Young people are still struggling in the shadow of the pandemic

Like many other young people, Amelie believes that the Covid-19 pandemic – and the succession of lockdowns and restrictions – marked a ‘turning point’ for her mental health.

“I came face to face with everything I had suppressed – and it caused a huge depression,” the French university student, who was 19 years old when the pandemic broke out in 2020, told AFP.

Five years later, Amelie is still receiving treatment for her mental health. She did not want to give her last name for fear it could affect future job openings.

But she is far from the only one still struggling with the lasting psychological effects of the Covid era.

Research has found that younger people, who were forced into isolation during one of the most social times of their lives, took the biggest hit to their mental health during the pandemic.

In France, a fifth of 18-24 year olds experienced an episode of depression in 2021, according to a survey by the country’s public health agency.

In the United States, 37 percent of high school students reported experiencing poor mental health in the same year, according to the Centers for Disease Control and Prevention.

And a recent study of more than 700,000 Finnish teenagers, published in the journal The Lancet Psychiatry, yielded similar findings.

“The proportion of participants with symptoms of generalized anxiety, depression and social anxiety… increased from pre-Covid-19 pandemic levels through 2021 and remained at these higher levels in 2023,” the report said.

– ‘Long tail of challenges’ –

The consequences of the pandemic are also being felt by the next generation.

Some children who just started school five years ago have experienced problems with learning and emotional development.

A 2023 review of about 40 studies from 15 countries published in the journal Nature Human Behavior found that children had still not caught up to significant delays in their learning.

“It’s a real generational problem,” says the study’s lead author, Bastian Betthauser.

These problems appear to continue well beyond the Covid years.

Britain saw unprecedented levels of school absenteeism in the 2023/2024 academic year, according to the country’s education body Ofsted, which lamented that a post-pandemic ‘change in attitudes’ meant school attendance is now ‘viewed more casually’ .

Simon Kidwell, headteacher at Hartford Manor primary school in Cheshire, north-west England, said the pandemic had presented a “long series of challenges”.

“Academically, we caught up quite quickly,” he told AFP.

“However, we have seen a huge spike in the number of children needing access to mental health care,” he added.

There has also been a “huge increase” in the number of children with special educational needs or who need extra support for behavioral problems, Kidwell said.
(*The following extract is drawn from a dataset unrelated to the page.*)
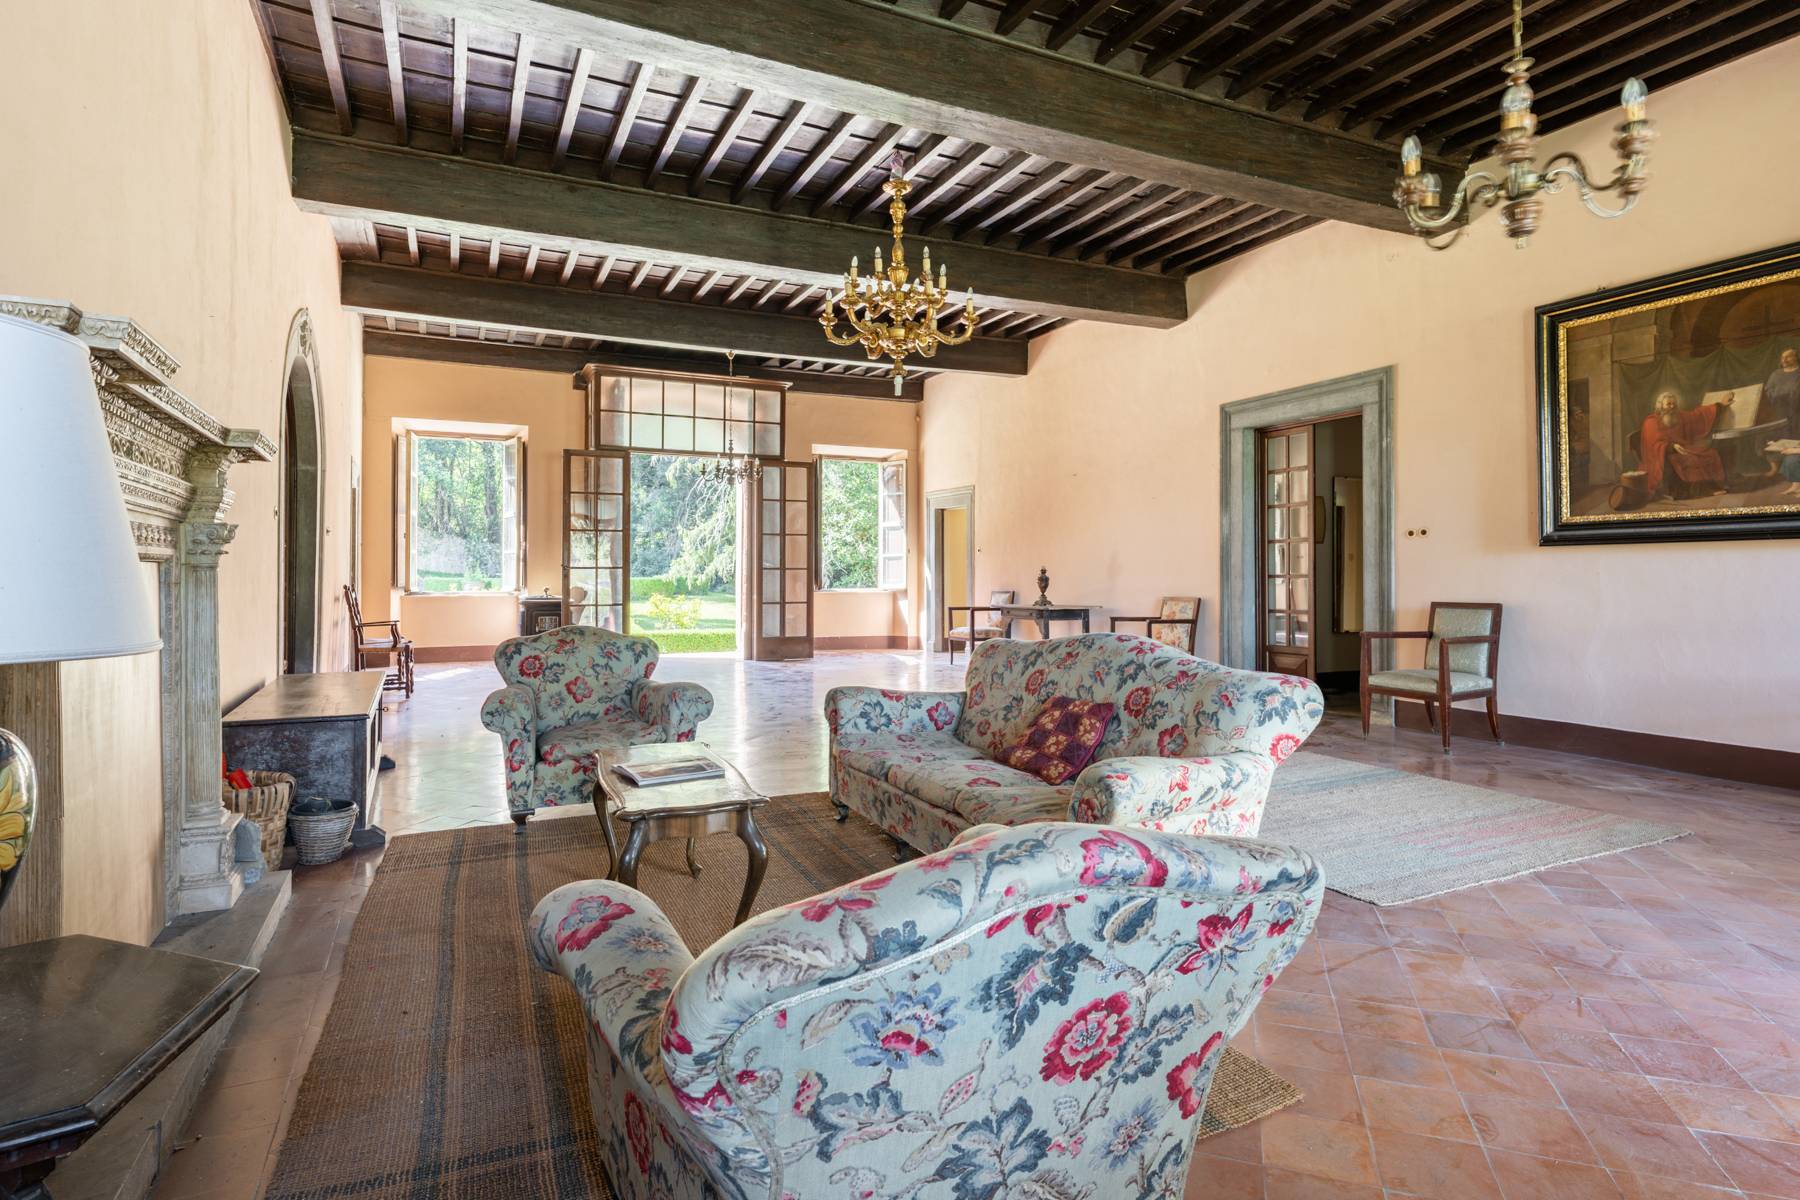 Villa in Vendita a Pescaglia: 5 locali, 2100 mq - Foto 13

Once they started school, younger children also had more problems with speech and language, he added.

Some young students with attention deficit hyperactivity disorder (ADHD) or autism spectrum disorder (ASD) may have had a different response to the time off.

Selina Warlow, a psychologist who works with children suffering from the disorders at a clinic in Farnham, near London, said that “many autistic children have loved being in lockdown”.

“The school environment is really overwhelming. It’s loud. It’s busy. It’s very difficult for them to be in a class with 30 other children,” she told AFP.

Some may wonder, “Why would I put myself back into that?” she said, highlighting that other students with these disorders found it difficult to lose the structure and routine of school.

The pandemic also meant that many young children were “not getting the early support they needed”, she added.

“Intervening in those very early years can have a huge impact on the child.”